Excerpts from a dataset
================================

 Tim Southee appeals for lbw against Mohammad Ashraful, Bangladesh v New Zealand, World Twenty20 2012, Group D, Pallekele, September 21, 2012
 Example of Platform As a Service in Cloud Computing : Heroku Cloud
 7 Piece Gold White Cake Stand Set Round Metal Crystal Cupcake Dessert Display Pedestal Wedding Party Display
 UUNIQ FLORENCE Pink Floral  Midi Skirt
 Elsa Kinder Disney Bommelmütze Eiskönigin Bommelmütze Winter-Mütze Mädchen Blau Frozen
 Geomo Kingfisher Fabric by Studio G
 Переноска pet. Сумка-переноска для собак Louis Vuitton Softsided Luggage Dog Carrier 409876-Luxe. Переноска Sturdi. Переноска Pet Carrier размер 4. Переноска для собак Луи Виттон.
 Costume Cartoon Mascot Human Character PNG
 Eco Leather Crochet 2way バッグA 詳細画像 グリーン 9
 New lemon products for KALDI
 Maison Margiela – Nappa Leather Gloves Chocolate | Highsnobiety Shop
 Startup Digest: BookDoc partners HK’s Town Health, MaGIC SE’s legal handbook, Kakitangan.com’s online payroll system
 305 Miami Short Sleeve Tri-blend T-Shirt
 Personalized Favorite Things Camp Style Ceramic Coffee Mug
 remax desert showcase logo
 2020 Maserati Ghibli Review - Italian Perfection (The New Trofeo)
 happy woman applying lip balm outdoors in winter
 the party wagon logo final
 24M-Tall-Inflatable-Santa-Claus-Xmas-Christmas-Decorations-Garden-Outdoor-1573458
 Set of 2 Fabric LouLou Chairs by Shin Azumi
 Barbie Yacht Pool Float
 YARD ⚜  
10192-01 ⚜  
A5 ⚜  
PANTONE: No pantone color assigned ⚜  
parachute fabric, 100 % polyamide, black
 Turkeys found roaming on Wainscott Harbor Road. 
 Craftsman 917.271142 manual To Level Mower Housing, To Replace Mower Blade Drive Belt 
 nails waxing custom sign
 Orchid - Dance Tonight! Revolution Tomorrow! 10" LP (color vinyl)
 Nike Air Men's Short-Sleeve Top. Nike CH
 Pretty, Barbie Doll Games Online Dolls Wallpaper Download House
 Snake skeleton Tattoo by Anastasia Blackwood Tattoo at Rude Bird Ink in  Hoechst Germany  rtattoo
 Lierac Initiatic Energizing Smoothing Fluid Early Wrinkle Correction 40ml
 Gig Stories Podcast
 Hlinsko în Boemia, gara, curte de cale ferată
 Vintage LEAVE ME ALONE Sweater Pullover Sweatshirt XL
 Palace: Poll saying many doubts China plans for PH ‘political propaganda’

================================

■ **How to complete this task**
The complete set of entries is to be restated word for word.

■ **Answer to this problem**
 Tim Southee appeals for lbw against Mohammad Ashraful, Bangladesh v New Zealand, World Twenty20 2012, Group D, Pallekele, September 21, 2012
 Example of Platform As a Service in Cloud Computing : Heroku Cloud
 7 Piece Gold White Cake Stand Set Round Metal Crystal Cupcake Dessert Display Pedestal Wedding Party Display
 UUNIQ FLORENCE Pink Floral  Midi Skirt
 Elsa Kinder Disney Bommelmütze Eiskönigin Bommelmütze Winter-Mütze Mädchen Blau Frozen
 Geomo Kingfisher Fabric by Studio G
 Переноска pet. Сумка-переноска для собак Louis Vuitton Softsided Luggage Dog Carrier 409876-Luxe. Переноска Sturdi. Переноска Pet Carrier размер 4. Переноска для собак Луи Виттон.
 Costume Cartoon Mascot Human Character PNG
 Eco Leather Crochet 2way バッグA 詳細画像 グリーン 9
 New lemon products for KALDI
 Maison Margiela – Nappa Leather Gloves Chocolate | Highsnobiety Shop
 Startup Digest: BookDoc partners HK’s Town Health, MaGIC SE’s legal handbook, Kakitangan.com’s online payroll system
 305 Miami Short Sleeve Tri-blend T-Shirt
 Personalized Favorite Things Camp Style Ceramic Coffee Mug
 remax desert showcase logo
 2020 Maserati Ghibli Review - Italian Perfection (The New Trofeo)
 happy woman applying lip balm outdoors in winter
 the party wagon logo final
 24M-Tall-Inflatable-Santa-Claus-Xmas-Christmas-Decorations-Garden-Outdoor-1573458
 Set of 2 Fabric LouLou Chairs by Shin Azumi
 Barbie Yacht Pool Float
 YARD ⚜  
10192-01 ⚜  
A5 ⚜  
PANTONE: No pantone color assigned ⚜  
parachute fabric, 100 % polyamide, black
 Turkeys found roaming on Wainscott Harbor Road. 
 Craftsman 917.271142 manual To Level Mower Housing, To Replace Mower Blade Drive Belt 
 nails waxing custom sign
 Orchid - Dance Tonight! Revolution Tomorrow! 10" LP (color vinyl)
 Nike Air Men's Short-Sleeve Top. Nike CH
 Pretty, Barbie Doll Games Online Dolls Wallpaper Download House
 Snake skeleton Tattoo by Anastasia Blackwood Tattoo at Rude Bird Ink in  Hoechst Germany  rtattoo
 Lierac Initiatic Energizing Smoothing Fluid Early Wrinkle Correction 40ml
 Gig Stories Podcast
 Hlinsko în Boemia, gara, curte de cale ferată
 Vintage LEAVE ME ALONE Sweater Pullover Sweatshirt XL
 Palace: Poll saying many doubts China plans for PH ‘political propaganda’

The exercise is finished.